Little did my ex know, I never had any kind of romantic relationship with the cute lifeguard. She and I had only been friends. The whole time I had wanted to get back with my ex.
After my ex and I got back together, in order to avoid pissing off my girlfriend, I spent the rest of the year trying to steer clear of that lifeguard. Let’s just say that it was a long year. Yet in the long-run, I got what I had wanted the entire time; back into a relationship with my girlfriend.
During the process I described above, I had no intention of getting into a relationship with that cute lifeguard. In fact, I didn’t try to flirt with her. I was still madly in love with my ex. Therefore, since I didn’t care to establish any type of relationship with her, she began to pay a lot of attention to me.

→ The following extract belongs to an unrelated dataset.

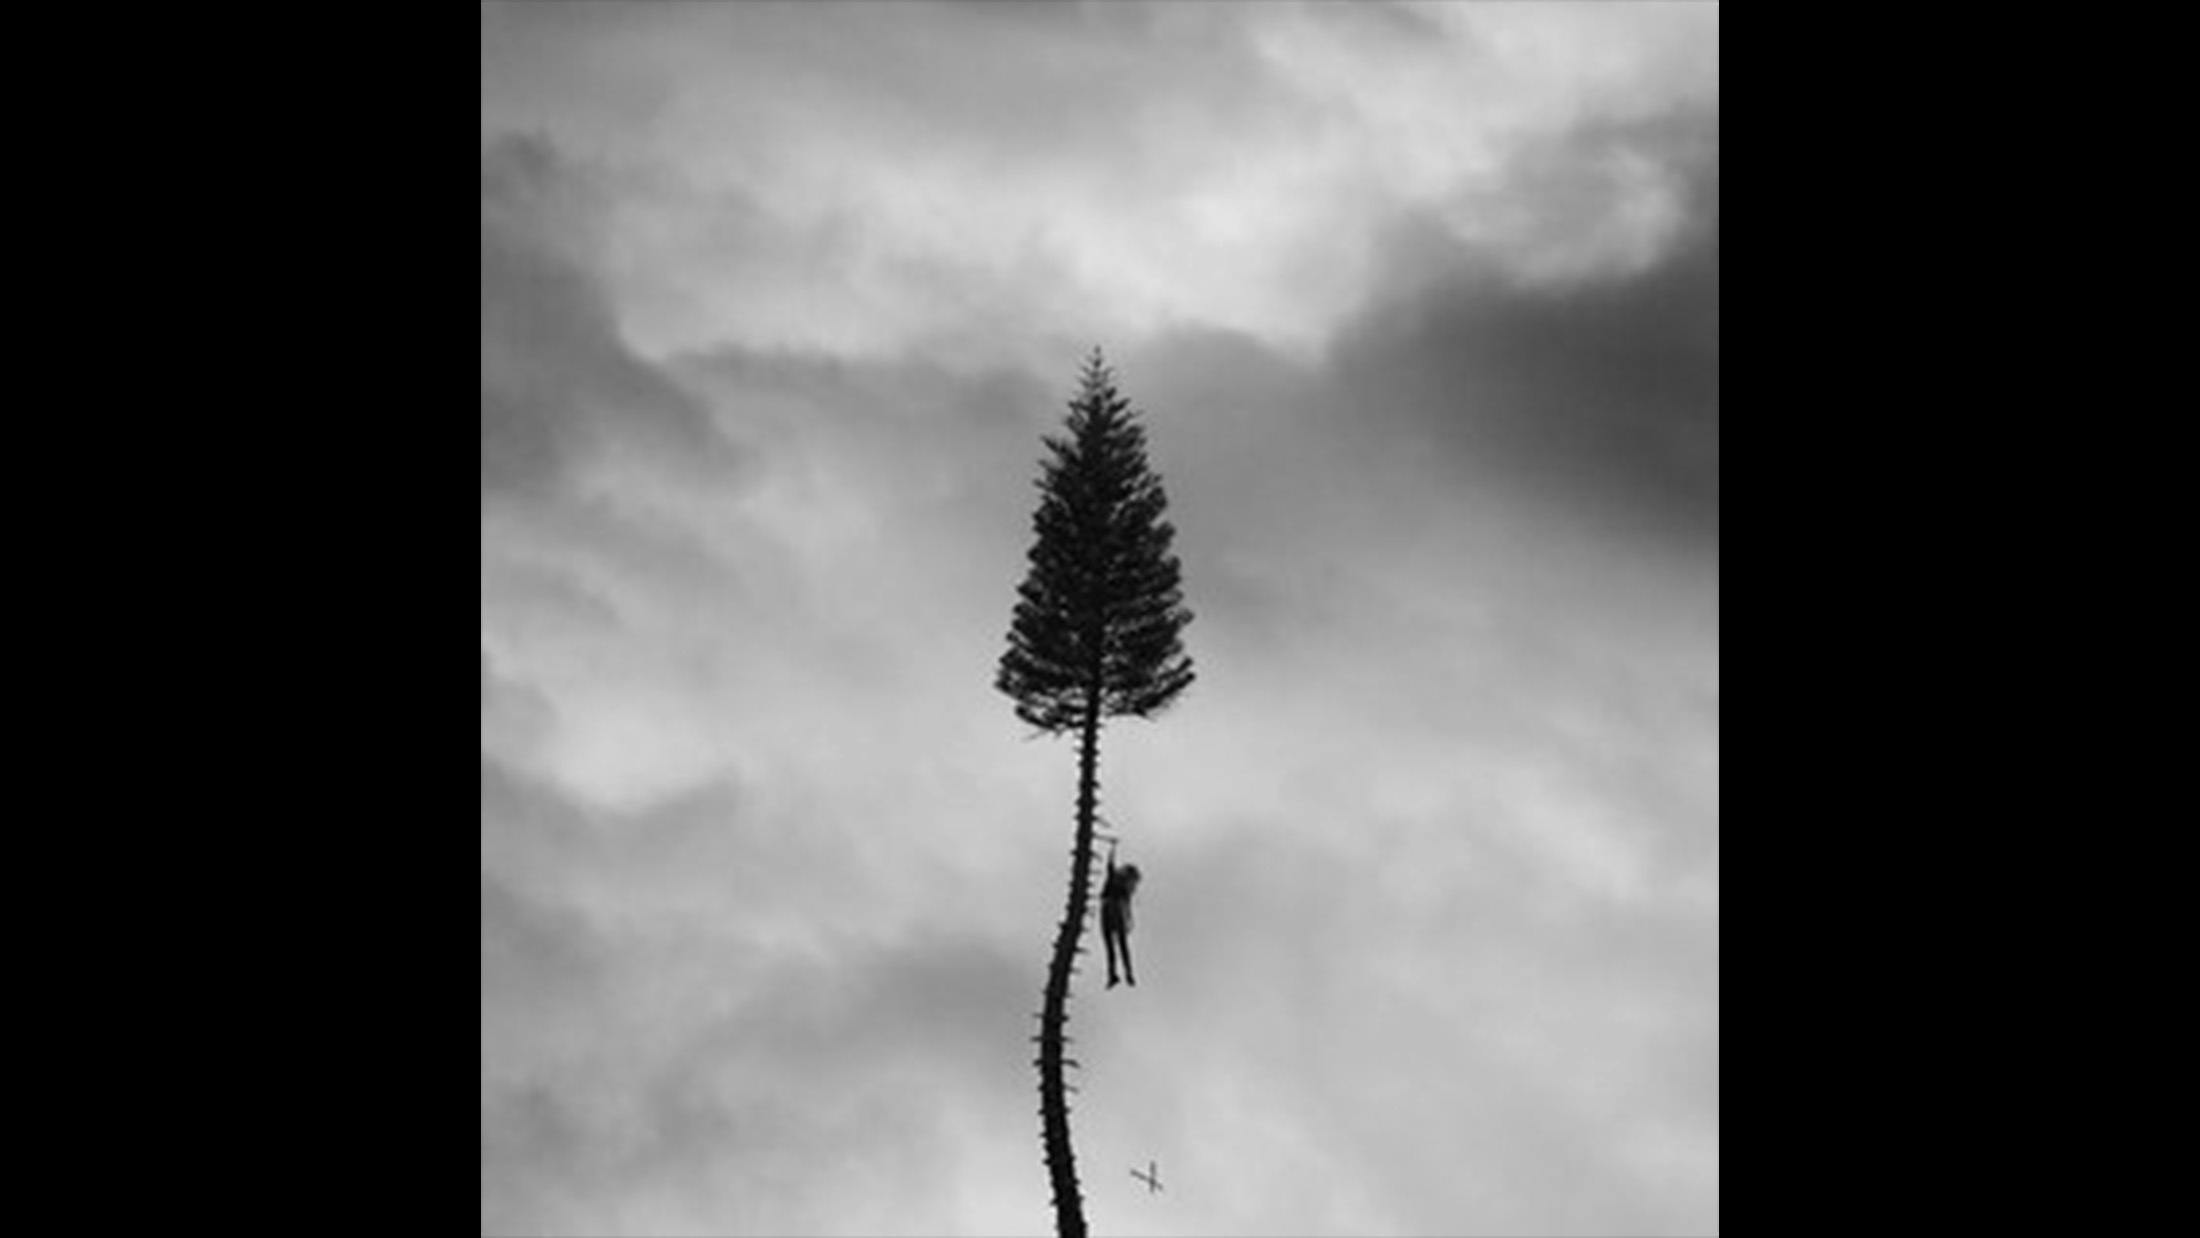 ‘This is temporary, I just heard I’m gonna be a dad,’ is a subtle line, but it’s the pivotal crisis in a record caught between God and neutrinos, birth and decay. Manchester Orchestra’s fifth LP proved not only their most expansive, painted in electronic textures and burnished acoustics, but also their most gracefully cathartic offering.

In the long run however, The Law of Reversed-Effort managed to help reunite me with the love of my life.
Take away points:
– The reason I wanted to discuss The Law of Reversed Effort in this chapter is only to make readers aware of its existence
– The logic behind The Law of Reversed Effort can be difficult to comprehend.
– Although readers may understand the logic that drives The Law of Reversed Effort, that doesn’t mean that they will necessarily know how to use the forces it produces to their benefit.
– I realize that this phenomenon may cause a person some headaches, but knowing about this force will at least give them a heads-up about how this force affects their relationship.
– I also wanted to discuss The Law of Reversed Effort so that if readers ever experience it, they won’t think that they are going crazy.